Sinclair User
5th October 1986
Categories: Review: Peripheral
Author: Jeff Naylor
Publisher: Red Boxes
Machine: Spectrum 48K/128K/+2/+3
Published in Sinclair User #57
Red Box Starter Pack
REDS UNDER THE BED - AND IN THE HALL
Finding truly useful purposes for computers in the home is a quest with rich rewards for those that succeed.
Chris Curry, one of the founding fathers of Acorn, has dusted off the concept of controlling the home environment and de- voted considerable skill to marketing the idea - the result is a system called Red Boxes.
The idea is you use your Spectrum to control the system which switches on and off lights, other electric things and detect's burglars etc, etc.
For £130 you can purchase a neatly packaged Red Boxes Starter Kit containing three of the aforementioned Red Boxes, a concise instruction manual and a connecting lead.
Red Leader plugs straight into the mains supply and is attached to your Spectrum via the Ear and Mic sockets, while. Red One and Two are simply plugged into any power socket in the house. Read Leader sends pulses round your house wiring to talk to Red One and Two.
Red Leader contains what can be described as a minimalist microcomputer - a 6502 CPU and 6520 support chip, backed up by a 16K Eprom and 8K of static C-MOS Ram. The rest of the board holds circuitry for communicating with the Spectrum and with the other Red Boxes by transmitting signals around the power ring main of your abode.
Red One is a power relay capable of switching on and off any mains-operated device plugged into its 13 amp three-pin socket. It plugs into any mains socket, and then the appliance you want to control plugs into Red One. Red Two contains an infra-red sensor of the type used by modern burglar alarms. Heat producing objects - like humans or an inferno - trigger it whenever they move into its field of view. Both devices contain somewhat simpler circuitry to Red Leader, but include an encoding system that gives every Red Box its own encryption number.
As Red Leader is a computer in its own right, it only needs the Spectrum as a terminal, fetching key-presses and sending characters to be displayed on the screen. For this to happen, a terminal emulation program must be loaded, which is achieved rather neatly: you enter Load "" and then switch on Red Leader, which pretends that it is a cassette recorder, sending the program to your computer.
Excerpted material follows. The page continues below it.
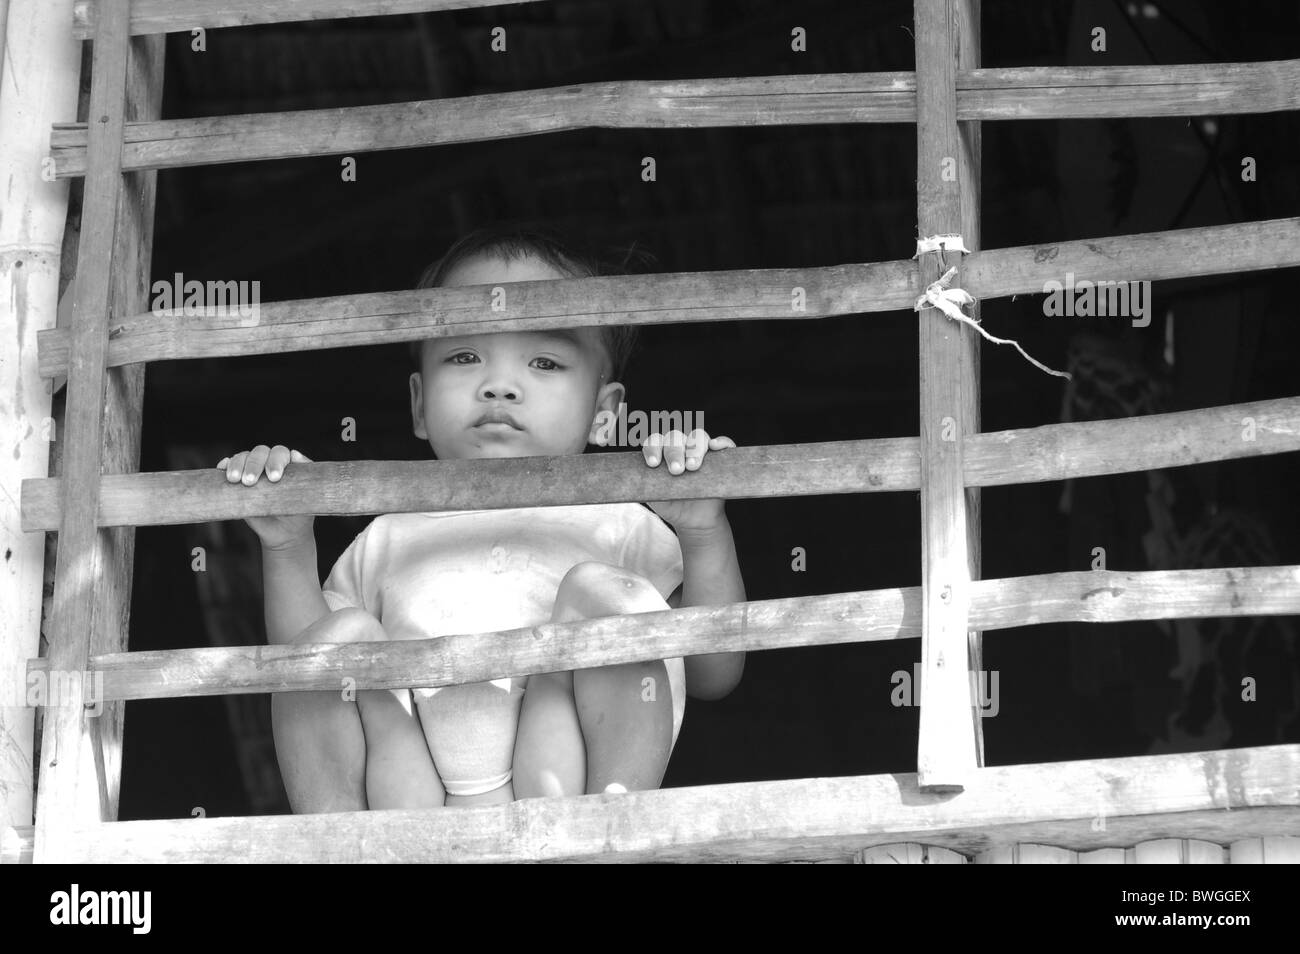 child poverty. Stock Photo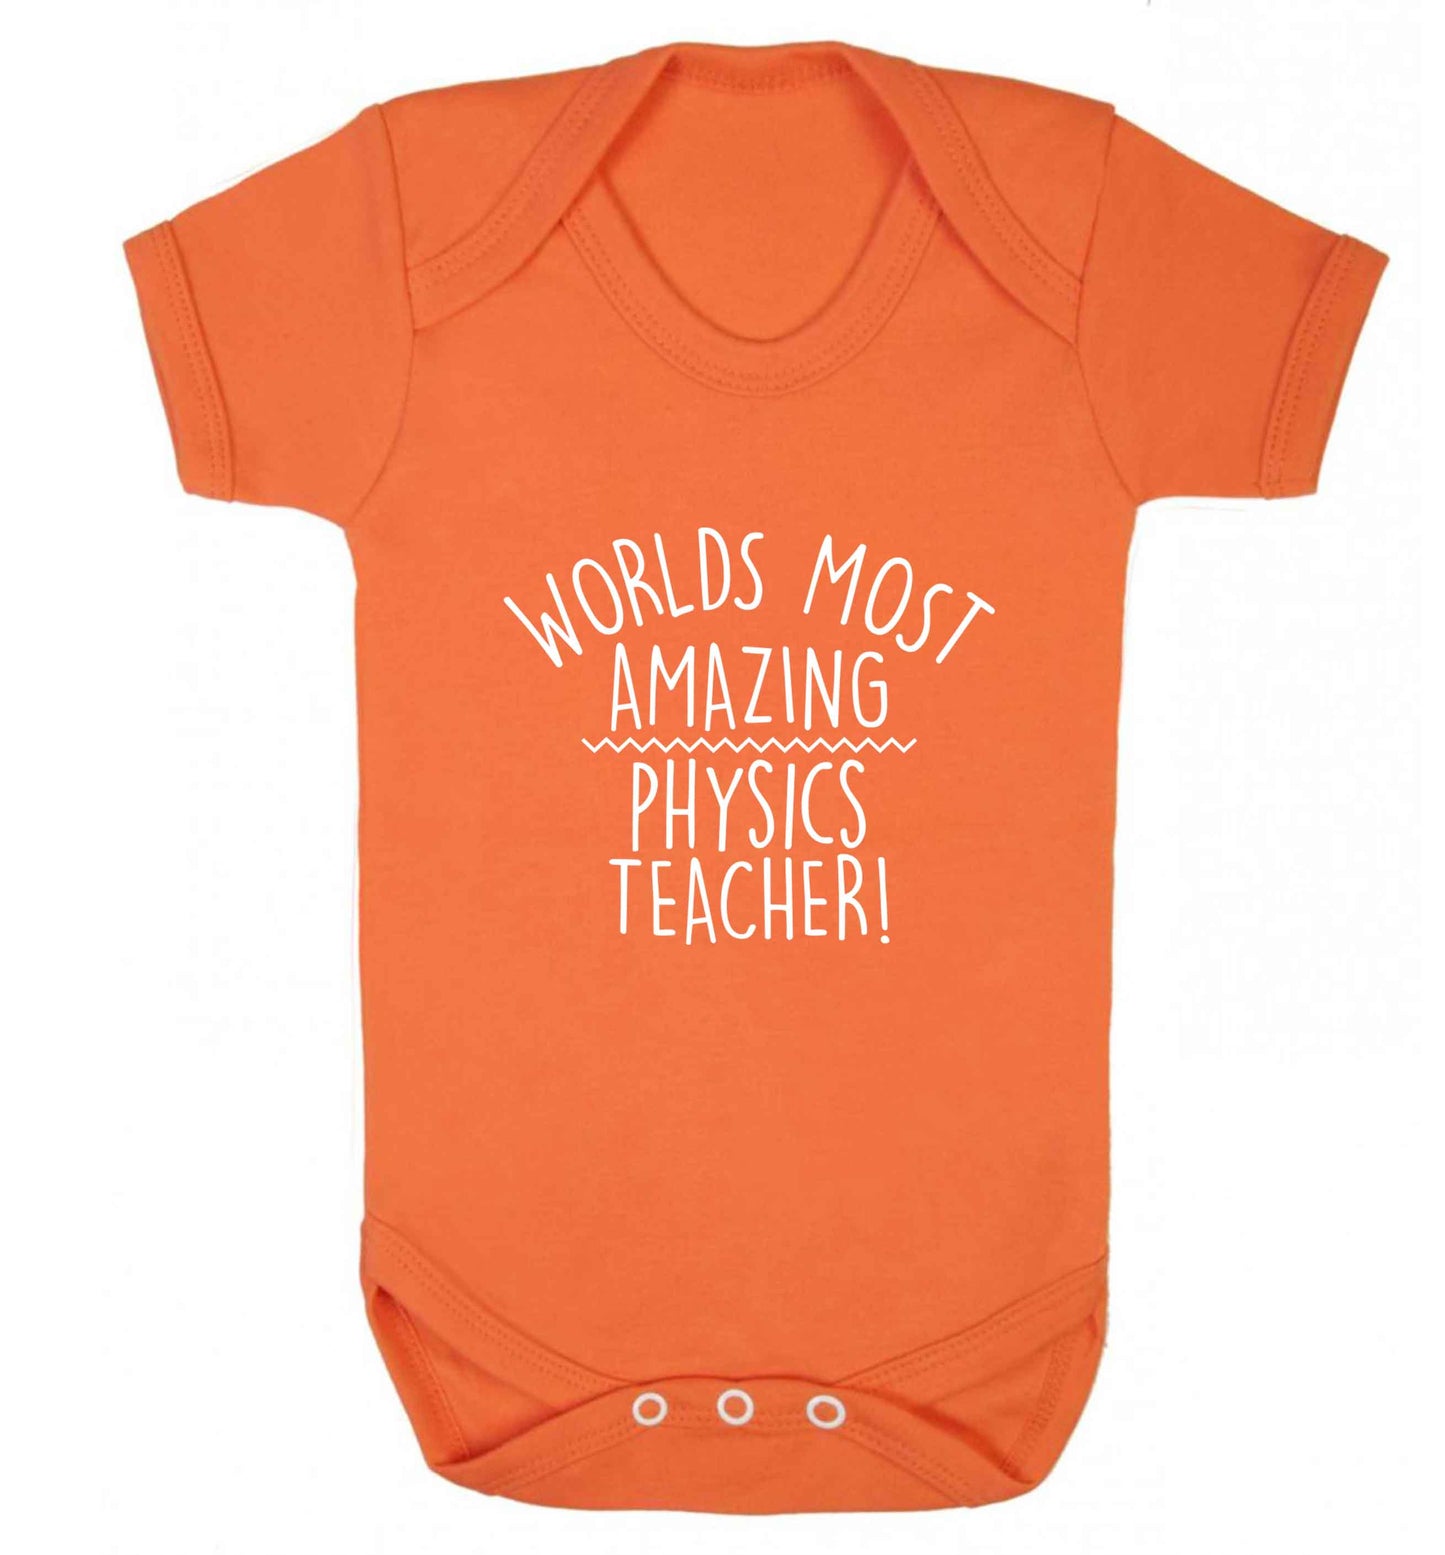 Worlds most amazing physics teacher baby vest orange 18-24 months

With the Spectrum acting as a 'dumb' terminal, the system is rather reminiscent of an old teletype - very slow and accompanied by an irritating noise as the Spectrum's speak- er loudly echoes the conversation between the computers. Once programmed Red Leader can be left to its own devices, freeing your Spectrum for other use.
With the terminal software loaded, you get a menu-driven controlling program. An on-screen clock is provided along with the control options.
First you have to install each box by informing Red Leader of its type and code number. Boxes can be set On or Off or times entered when they are to be switched. Another option allows you to associate one box with another so that if the infra-red sensor is triggered, a lamp lights (so that burglars can see where they are going?)
At this point I discovered that my Red Two box was not transmitting back to Red Leader although the LED mounted on it seemed to indicate that it was sensing movement: quality control rather than the transmission system seems to be to blame for this, as Red One worked perfectly.
A few extra commands allows you to Save and Load data and so forth. In this mode you can do little more than you could with a £15 time switch and a burglar alarm, but extra programming power is avail- able if you quit the menu and use the Red Leader's own language called, predictably. Red Basic.
With 16K of Rom space avail- able you might expect Red Basic to be more sophisticated than it is, but many of the statements and functions on offer are ideally suited to control applications: Every is an interrupt-driven structure that instigates actions at fixed time intervals; When constantly monitors the remote devices and responds accordingly. Repeat Until and error trapping are available, along with custom commands such as Tell for controlling devices. Graphics commands are also provided, but these seem rather superfluous.
I would rather have been given some editing features in order to avoid the retyping of whole lines to correct the many syntax errors which I generated - error reporting is cryptic and the need for brackets and quotes rather inconsistent.
I soon had lights flashing on and off at all hours, but there is little that can be done with one relay and one non-functioning sensor.
Given more devices including such things as dimmers and temperature sensors you could set up your home to run with- out ever leaving your armchair, if that idea appeals to you, but taken note that each extra box will cost you £40. Equipping each room with controlled lighting, heating and electric curtains could cost a fortune.
It's all neatly engineered, though, and removes many of the problems normally associated with home control.
But I doubt if even the sharp marketing image will persuade many people that it is truly useful.